Work, Kinetic Energy, and Potential Energy for Rigid Bodies

The concepts of Work and Energy provide the basis for solving a variety of kinetics problems. In rigid bodies, as with particles, we will break energy into kinetic energy and potential energy, giving us a base work and equation as follows.

\[W=\Delta KE + \Delta PE\]

Before jumping into the application of the work and energy equation through, it is important to define all the pieces as they relate to rigid body systems.

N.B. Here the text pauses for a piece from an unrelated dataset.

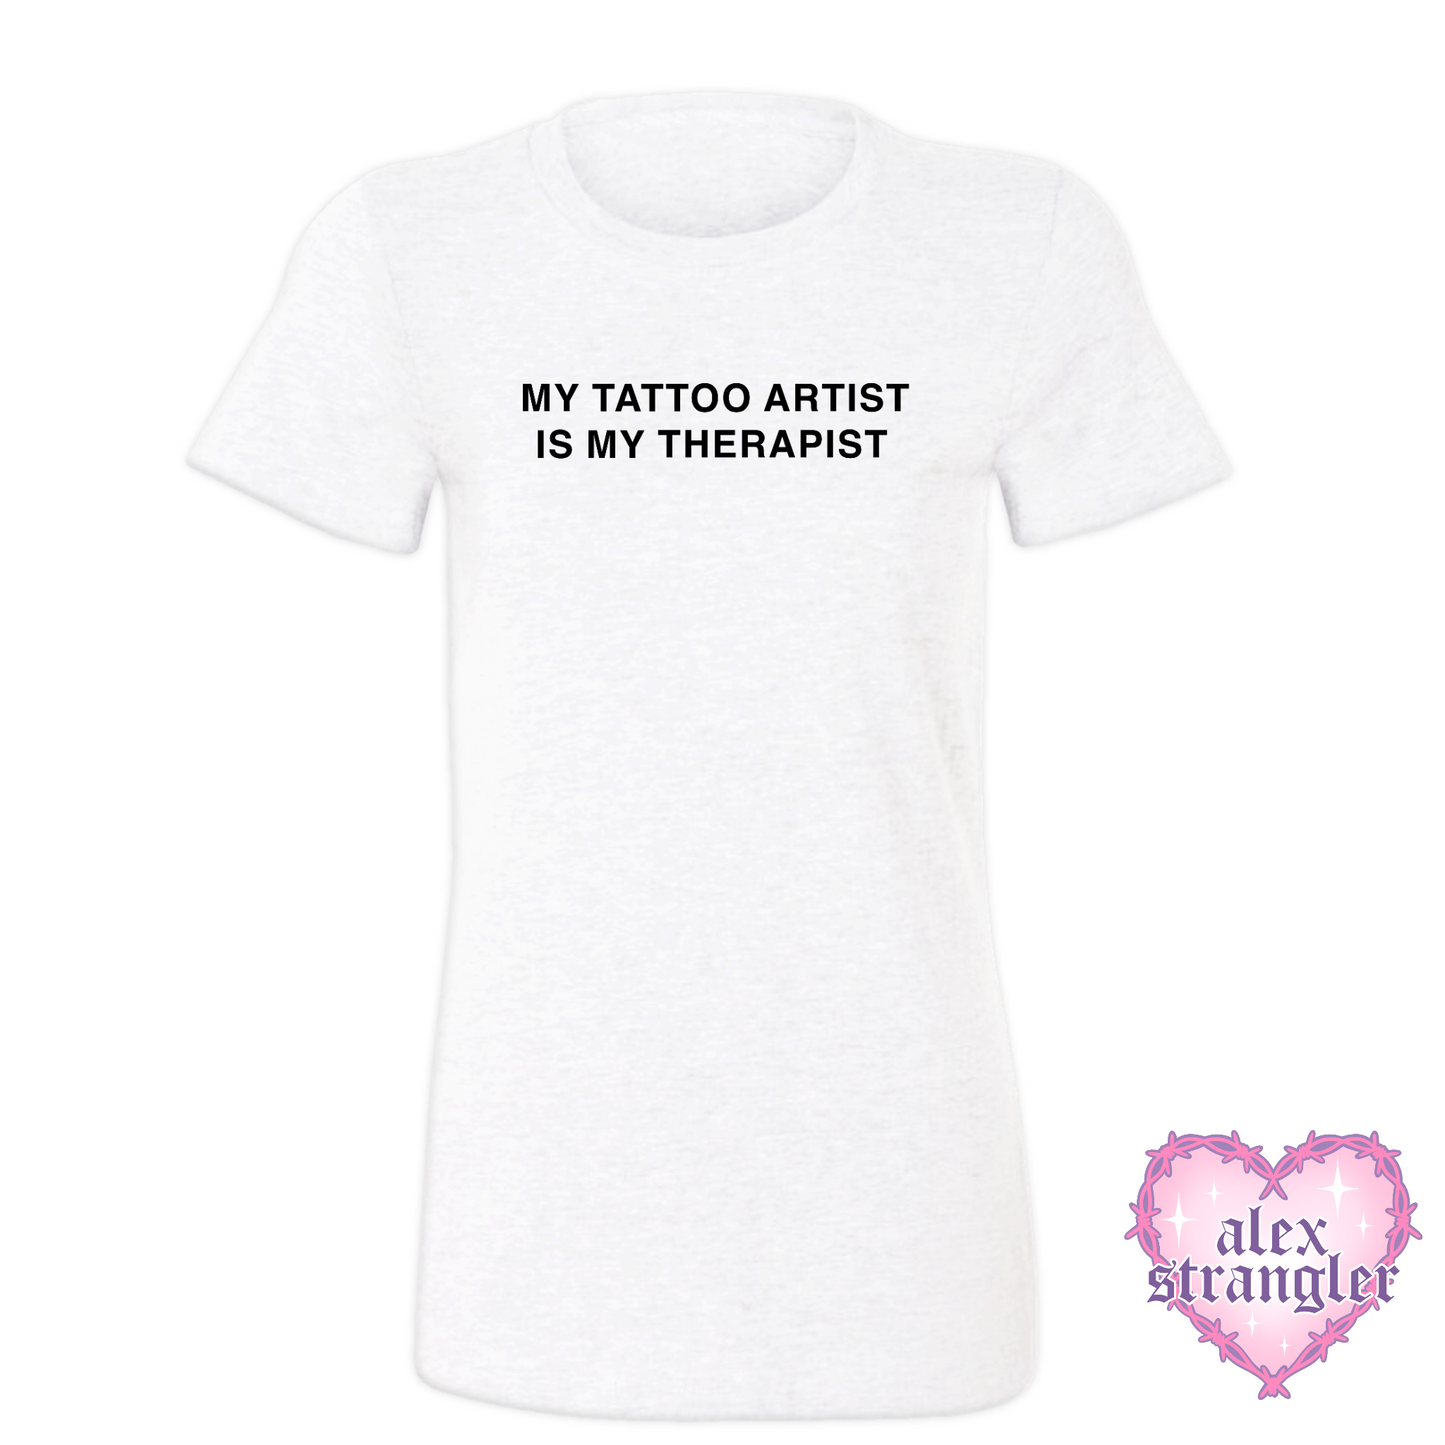 My Tattoo Artist Is My Therapist - Women's Tee

As discussed before, work in general is a force exerted over a distance. In rigid body systems however we will also need to consider work done by moments, where the work of a constant moment is equal to the magnitude of the moment times angular displacement the body moves through (in radians). To find the overall work, we simply need to add the work done by forces and the work done by moments


When dealing with the work of forces and the work of moments, it is also important to note the direction of the force and moment vectors. Only the component of the force along the direction of displacement will be included in the work, and similarly only the component of the moment vector along the direction of the axis of rotation will be included in the work. Forces that oppose the displacement, or moments that oppose rotation will be negative work values.

Force vector and displacement and a Moment vector and an axis of rotation.
Only the component of the force in the direction of the displacement, or the component of the moment vector along the axis of rotation should be considered when calculating work.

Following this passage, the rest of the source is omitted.